Impressionado, Henry Kissinger escreve uma crónica de duas páginas sobre esse dia, o Judeu Eterno, em homenagem a um jovem chamado Folek Sama: “Eu, com a minha farda devidamente engomada, nunca vivi na imundície nem na miséria. Não me espancaram nem me deram pontapés. Que tipo de liberdade posso oferecer? (…) O teu pé foi esmagado para te impedir de fugir, tens o rosto de um homem de 40 anos, um corpo de idade indeterminada e, no entanto, segundo a tua certidão de nascimento, tens 16 anos. E aqui estou eu, de pé, de roupa lavada, a fazer um discurso para ti e para os teus camaradas. Folek Sama, constituis uma acusação contra a Humanidade. A tua imagem deveria ser preservada em cimento aqui nesta encosta, para que as gerações futuras a vissem e meditassem. A dignidade humana, os valores objetivos deixaram de existir para lá deste arame farpado. (…) Porque permitimos que isto vos aconteça no século XX? (…) Enquanto a consciência existir como conceito neste mundo, personificá-la-ás. Nada que se faça por ti te pode restabelecer. Nesse sentido és eterno.” O texto acabaria por ser divulgado globalmente graças à monumental biografia que Niall Ferguson, historiador escocês, dedicou ao antigo chefe da diplomacia norte-americana, Kissinger, o Idealista, editado em Portugal pela Temas e Debates, em 2016.
O doutor de Harvard
“Não sei como me sentirei quando voltar”, anunciou Henry Kissinger aos pais, numa missiva com data de abril de 1947, em que os informa de que perdeu a fé: “As verdadeiras tragédias da vida não são as escolhas entre o que está certo e o que está errado. Só as pessoas mais insensíveis escolhem aquilo que sabem estar errado.” E sabia muito bem o que tinha a fazer: inscrever-se em Harvard, dar aulas, escrever. Conseguiu fazer tudo isso, e, durante quase duas décadas, a universidade foi a sua verdadeira casa. Após se licenciar com uma tese de 388 páginas sobre O Significado da História, doutorou-se depois com Paz, Legitimidade e o Equilíbrio (Um Estudo sobre a Arte de Governar de Castlereagh e Metternich). Em 1955, é já um académico respeitado e com contactos privilegiados. Em abril desse ano, assina um artigo na prestigiada revista Foreign Affairs, em que abandona as questões históricas para abordar um tema de atualidade, a capacidade nuclear dos EUA e o rumo que a política externa do país deveria tomar. Doze meses depois, repete a dose na mesma publicação e advoga que, apesar do risco de apocalipse atómico, a América não pode passar um “cheque em branco” aos russos e deixar-se cair na “inação”. Foi o início de uma longa carreira que obrigou o poder político a escutá-lo e que o tornará o mais prestigiado secretário de Estado dos EUA na era moderna. Em 2015, num estudo promovido por diversas universidades norte-americanas, perguntou-se a 1 615 professores de Relações Internacionais, História e Ciência Política quem tinha sido o melhor e mais eficaz chefe da diplomacia dos EUA, nos últimos 50 anos. Quase um terço dos inquiridos deu uma resposta óbvia, com o segundo classificado (James Baker) a receber apenas 17% das preferências e o terceiro (Madeleine Albright, a primeira mulher a ocupar o cargo) com apenas 8,7%, logo seguida de Hillary Clinton.
O oráculo criminoso
Quando lhe perguntavam como falava inglês sem sotaque alemão, o irmão de Henry, Walter, falecido em 2021, tinha sempre resposta pronta: “Eu sou o Kissinger que ouve!”

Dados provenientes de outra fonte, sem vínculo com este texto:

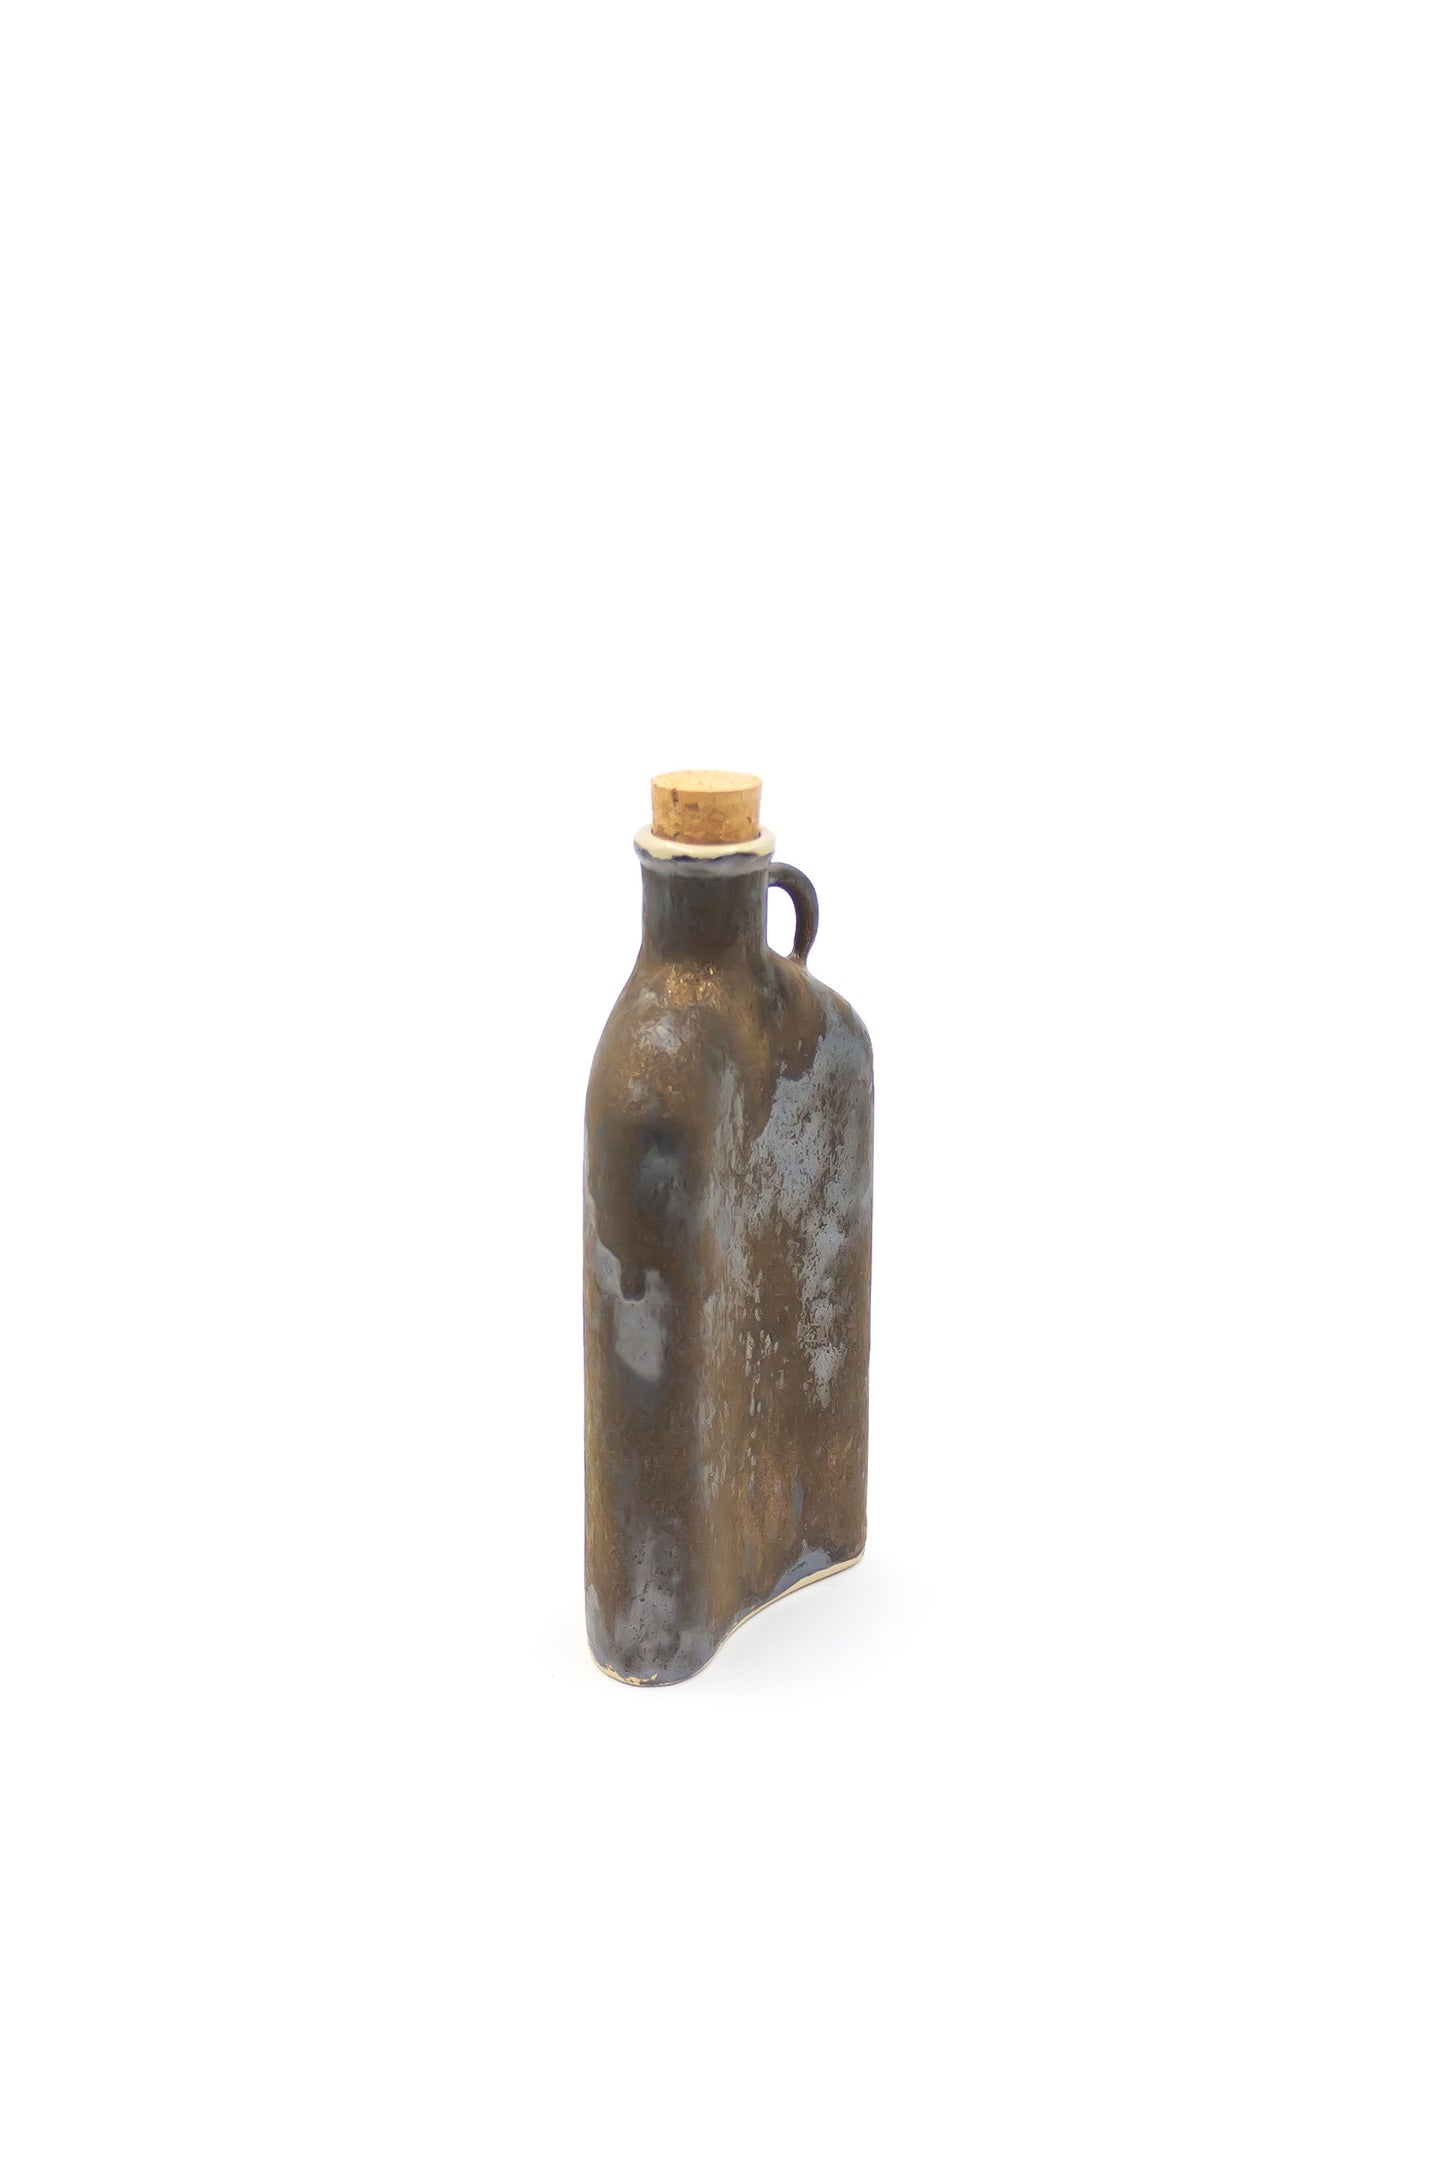 Butelka ceramiczna w kolorze złoto-srebrnym

Há seis décadas que todos os Presidentes norte-americanos fazem questão de ouvir o polémico maestro da diplomacia. John Kennedy é o primeiro a consultar o académico que se tornara amigo de Nelson Rockefeller, o governador republicano de Nova Iorque. Lyndon Johnson pede-lhe para encetar negociações secretas com o regime norte-vietnamita e, em 1968, Richard Nixon nomeia-o conselheiro de segurança para que ele acabe com “honra” o conflito na antiga Indochina. Com “realismo” e muitas ações ilícitas, incluindo bombardeamentos em larga escala no Camboja e no Laos (mais de 150 mil mortos) o professor de Harvard tentou mudar o mundo para o moldar aos interesses de Washington. Os EUA acabam por retirar sem honra nem glória do Vietname, na sequência dos acordos de Paris, com Henry Kissinger a vencer o Nobel da Paz em 1973, ex-aequo com o norte-vietnamita Le Duc Tho, que recusa o galardão. Não surpreende. Dois anos antes, “Super K” começara a preparar aquela que seria a sua maior jogada estratégica: aproximar Washington de Pequim e afastar o regime comunista, liderado por Mao Tsé-Tung, da União Soviética. Para tal, apoiou sem reservas a ditadura paquistanesa de Yahya Khan, um déspota aliado da China. Promover golpes de Estado e fazer alianças com facínoras tornou-se uma das suas imagens de marca, em nome da realpolitik e da necessidade de garantir um equilíbrio das potências responsáveis pela ordem e pela legitimidade internacionais. É por esse motivo que a CIA multiplica operações clandestinas em Itália, para minar o Partido Comunista local (PCI), ou no Chile, para afastar Salvador Allende e colocar Augusto Pinochet no poder. Tudo para conter a ameaça soviética e defender o “mundo livre”. Um dos melhores exemplos teve Timor-Leste como palco trágico, após a apressada descolonização portuguesa. A 6 de dezembro de 1975, Henry Kissinger e Richard Nixon foram a Jacarta para se reunirem com Suharto, o Presidente da Indonésia, e lhe agradecerem o envolvimento na luta contra o comunismo no Sudeste asiático. Menos de 24 horas depois, as tropas indonésias entravam em Dili e iniciavam uma ocupação selvagem, que durou um quarto de século e fez perto de 200 mil mortos timorenses.
De Seymour Hersh a Christopher Hitchens, passando por Baltasar Garzón, são muitos os que tentaram levar Henry Kissinger ao banco dos réus, para que ele respondesse por crimes de guerra. O tempo demonstrou que isso não irá acontecer. O velho diplomata não tem problemas de consciência e pode continuar a citar o Papa Urbano VIII, invocando o próprio destino: “Se Deus existe, o Cardeal Richelieu tem muito para responder. Caso contrário, bom, ele teve uma bela vida.”